I still believe that the content of my lesson was worthy, despite the rough execution. I think that I tried to tackle too much in too little time. I attempted to define fragments, teach rules for correction, perform guided practice in identification and correction, discuss the socio-political implications of usage, complete an activity, and relate the material to my students in ten minutes - quite ambitious. I learned from this experience that I don't always have to define social implications and openly discuss them in every lesson I present. I could easily tie such issues in with the writing process after the students got back their first paper - we could discuss writing style and its effects then instead. I don't think the layout of my plan was engaging enough. I liked the idea I had in creating a rules sheet for my students to refer to, but I don't think just reading through the examples was beneficial.

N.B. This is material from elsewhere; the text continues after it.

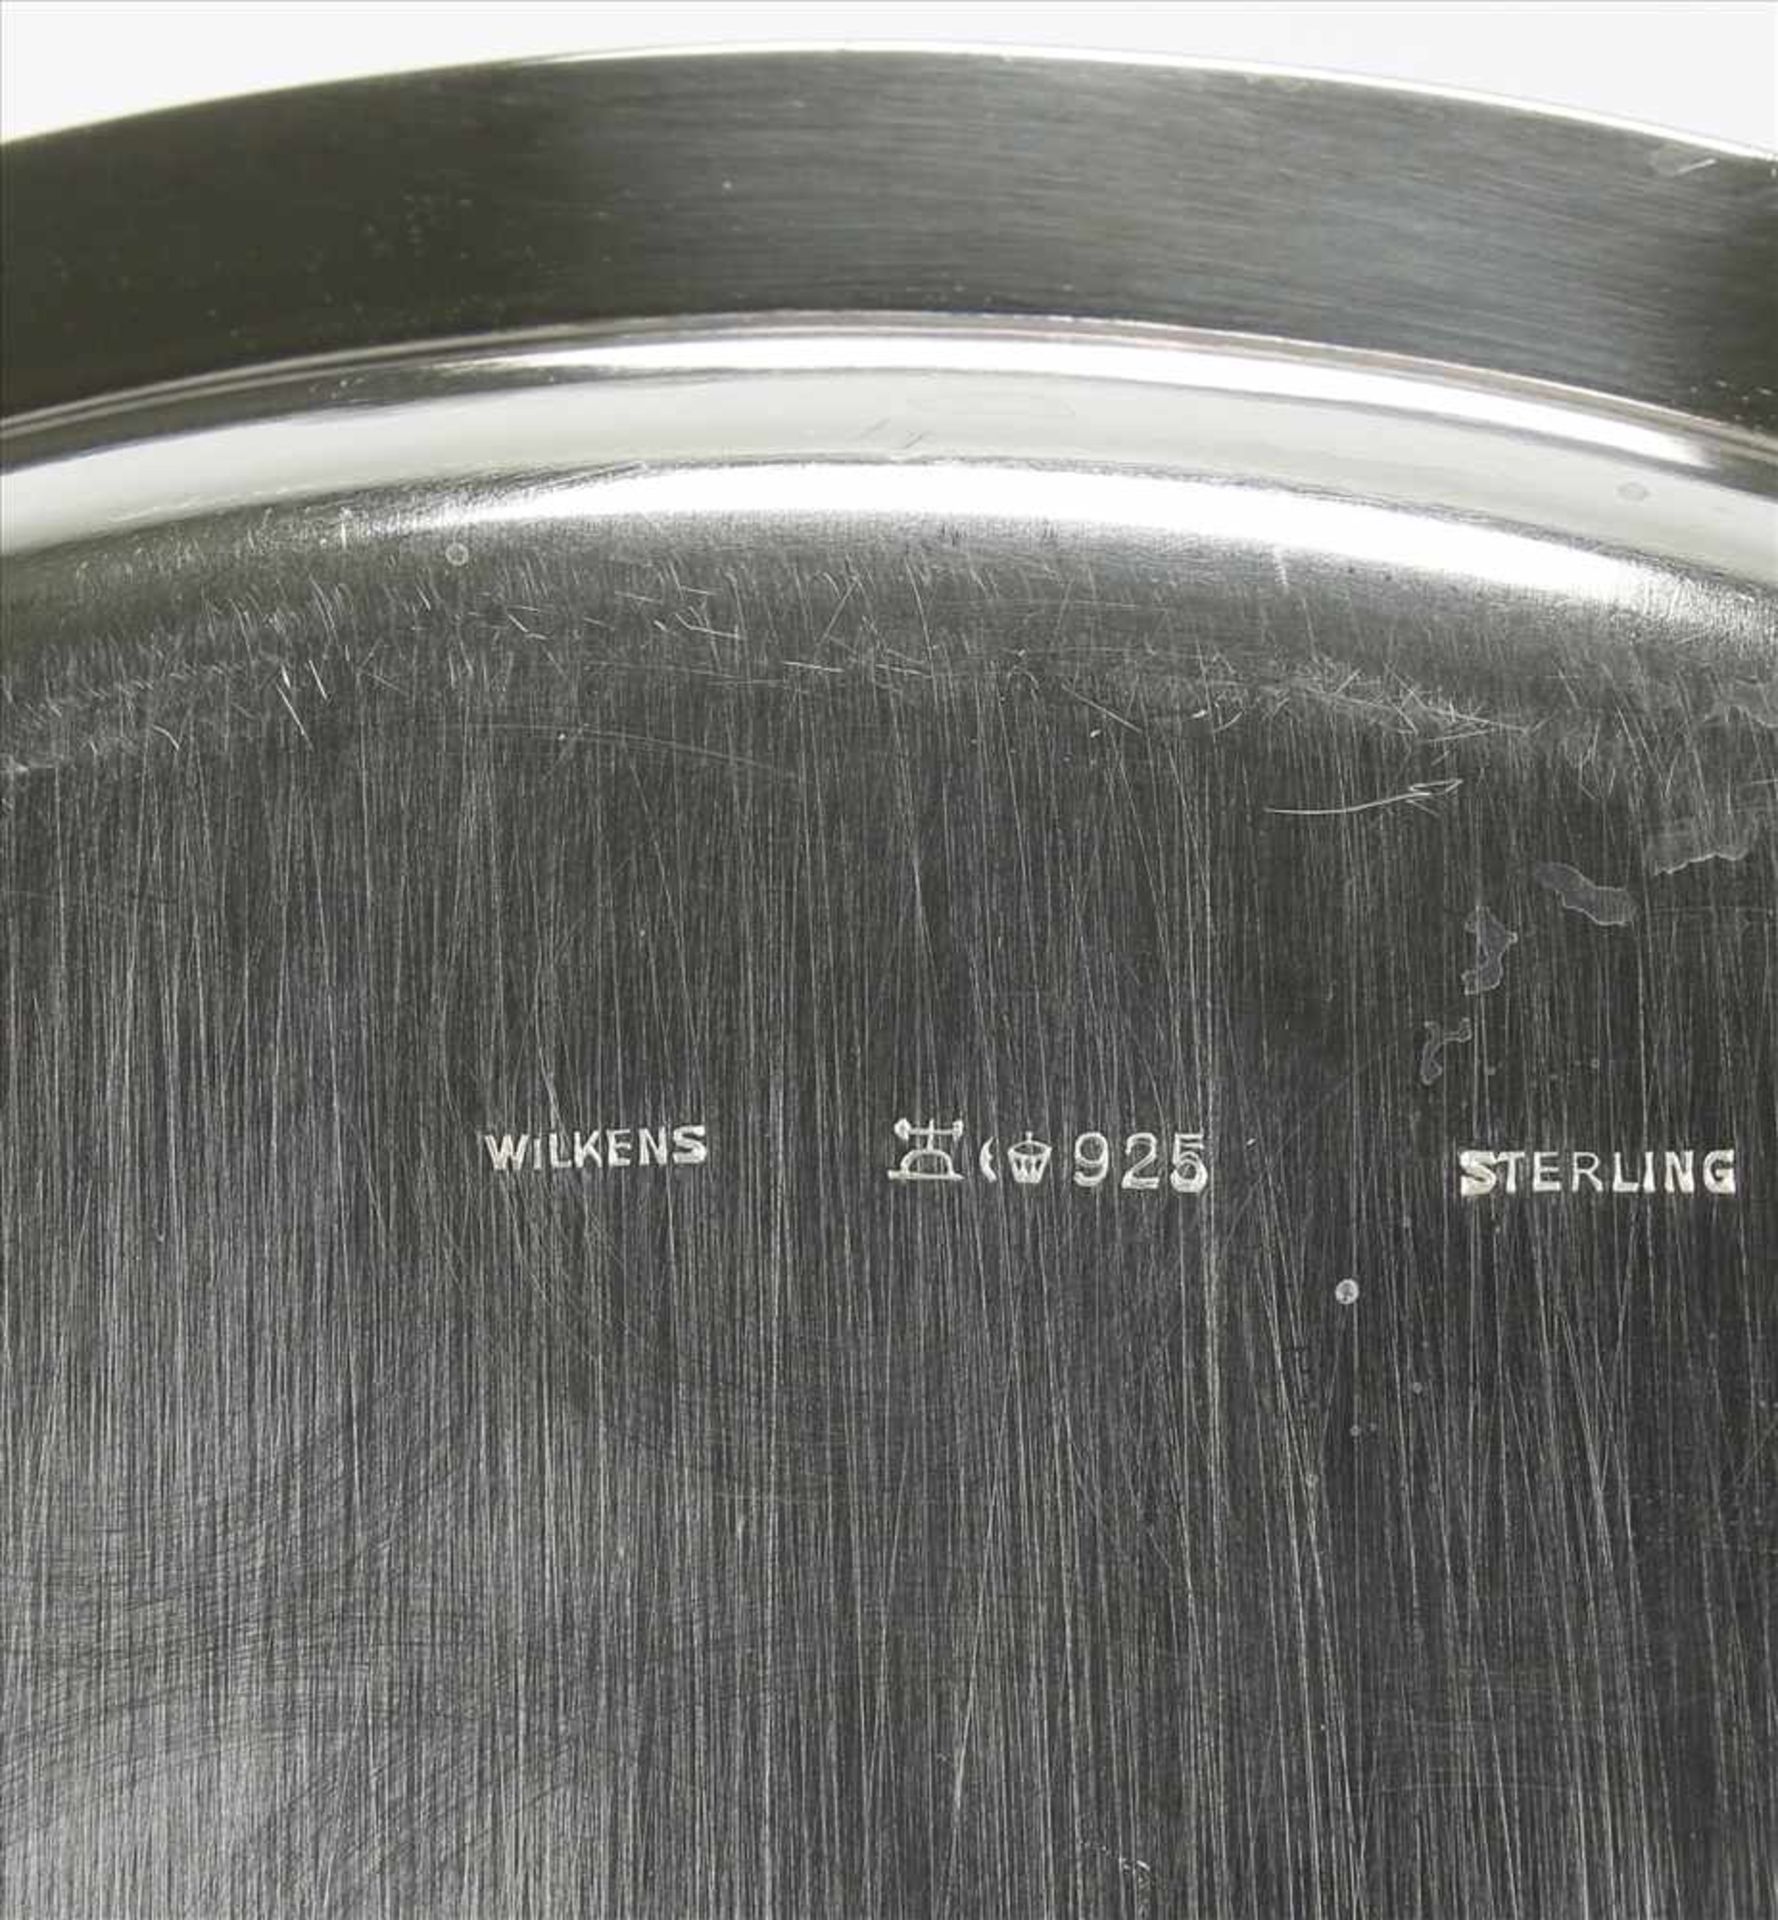 SilbertablettDeutsch. Silber 925 punziert und Herstellerpunze Wilkens. Durchmesser ca. 24 cm, Höhe - Bild 3 aus 4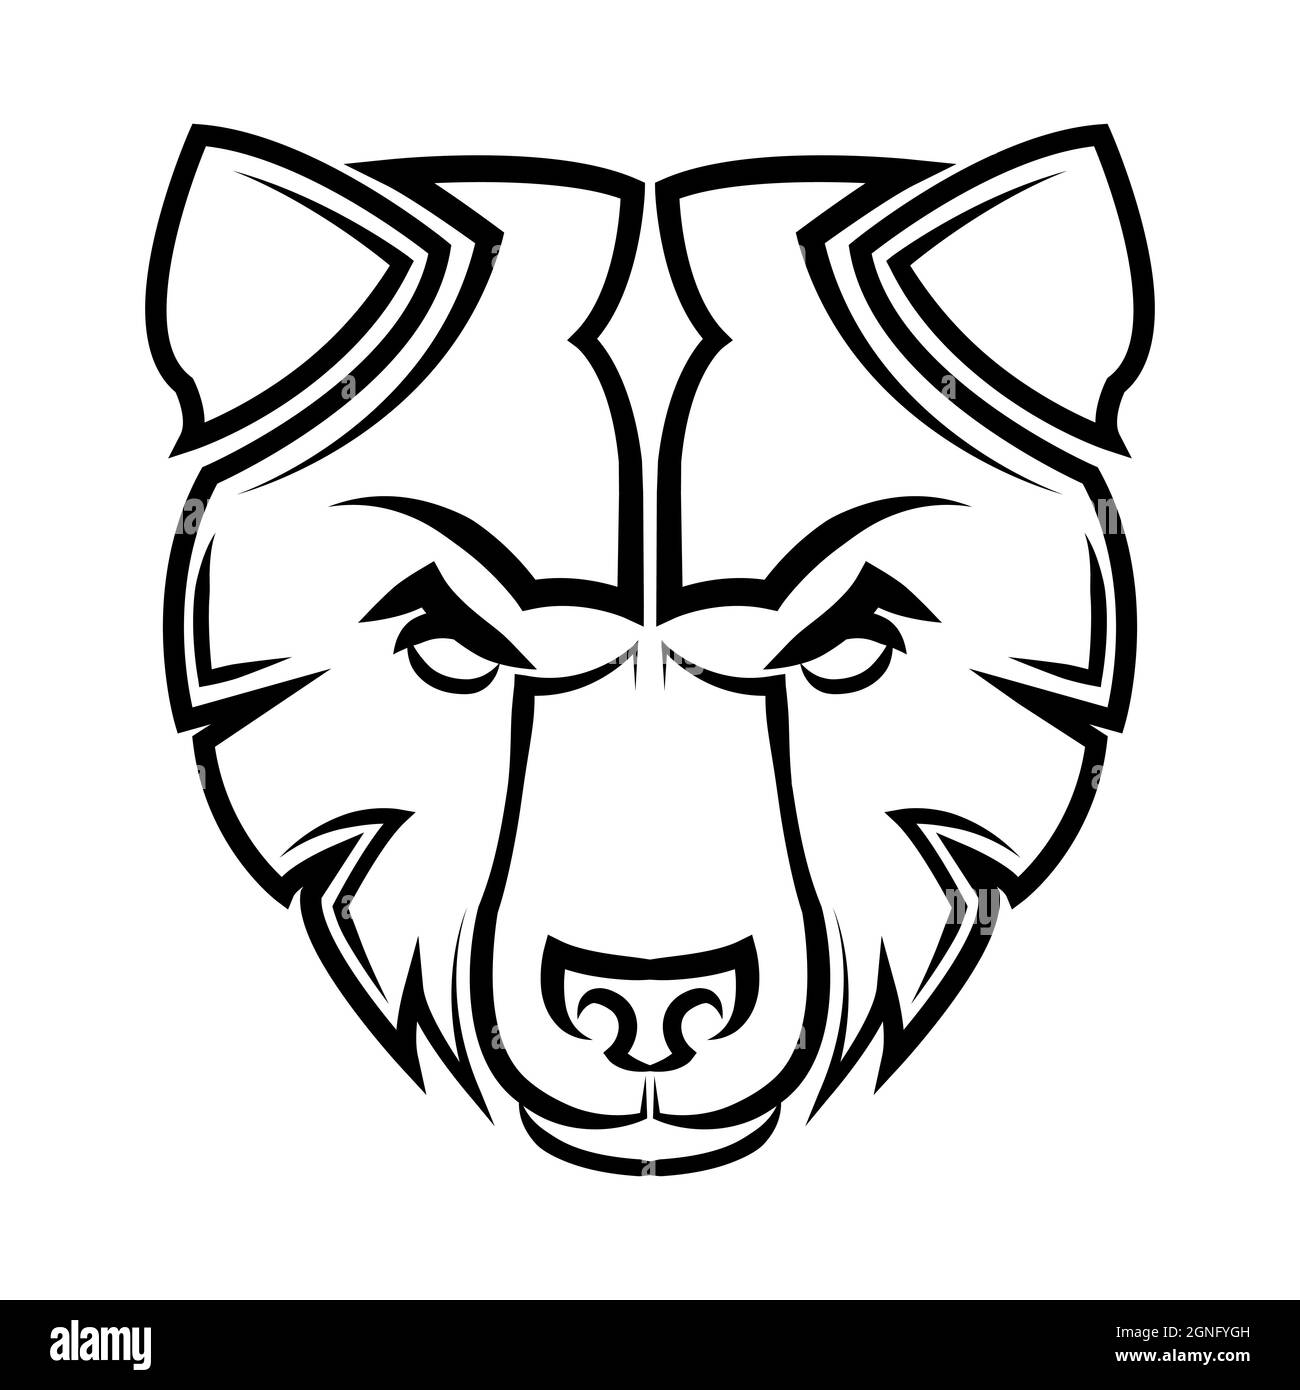 Noir et blanc ligne art de la tête d'ours bonne utilisation pour symbole mascotte icône avatar tatouage T logo de création de chemise. Illustration de Vecteur

To teach this lesson many revisions would have to be made. I think the most important though is integrating practice with the rules of identification and correction - not to separate the two into distant spheres. I think it would be better to have students identify fragments within a paragraph first (some of these sentences are not like the others...) and then discuss what a fragment is and how to correct it. Structuring the lesson this way would allow me to note how much my students already know about sentence structure and if they can note that a fragment is a fragment without me telling them so. Other than these few critiques I think I just need to get used to and comfortable in the teacher role. I think the majority of my problems stemmed from me treating this presentation as just slipping on the guise of a teacher instead of owning the role. I think this can be corrected with more experience in front of the class.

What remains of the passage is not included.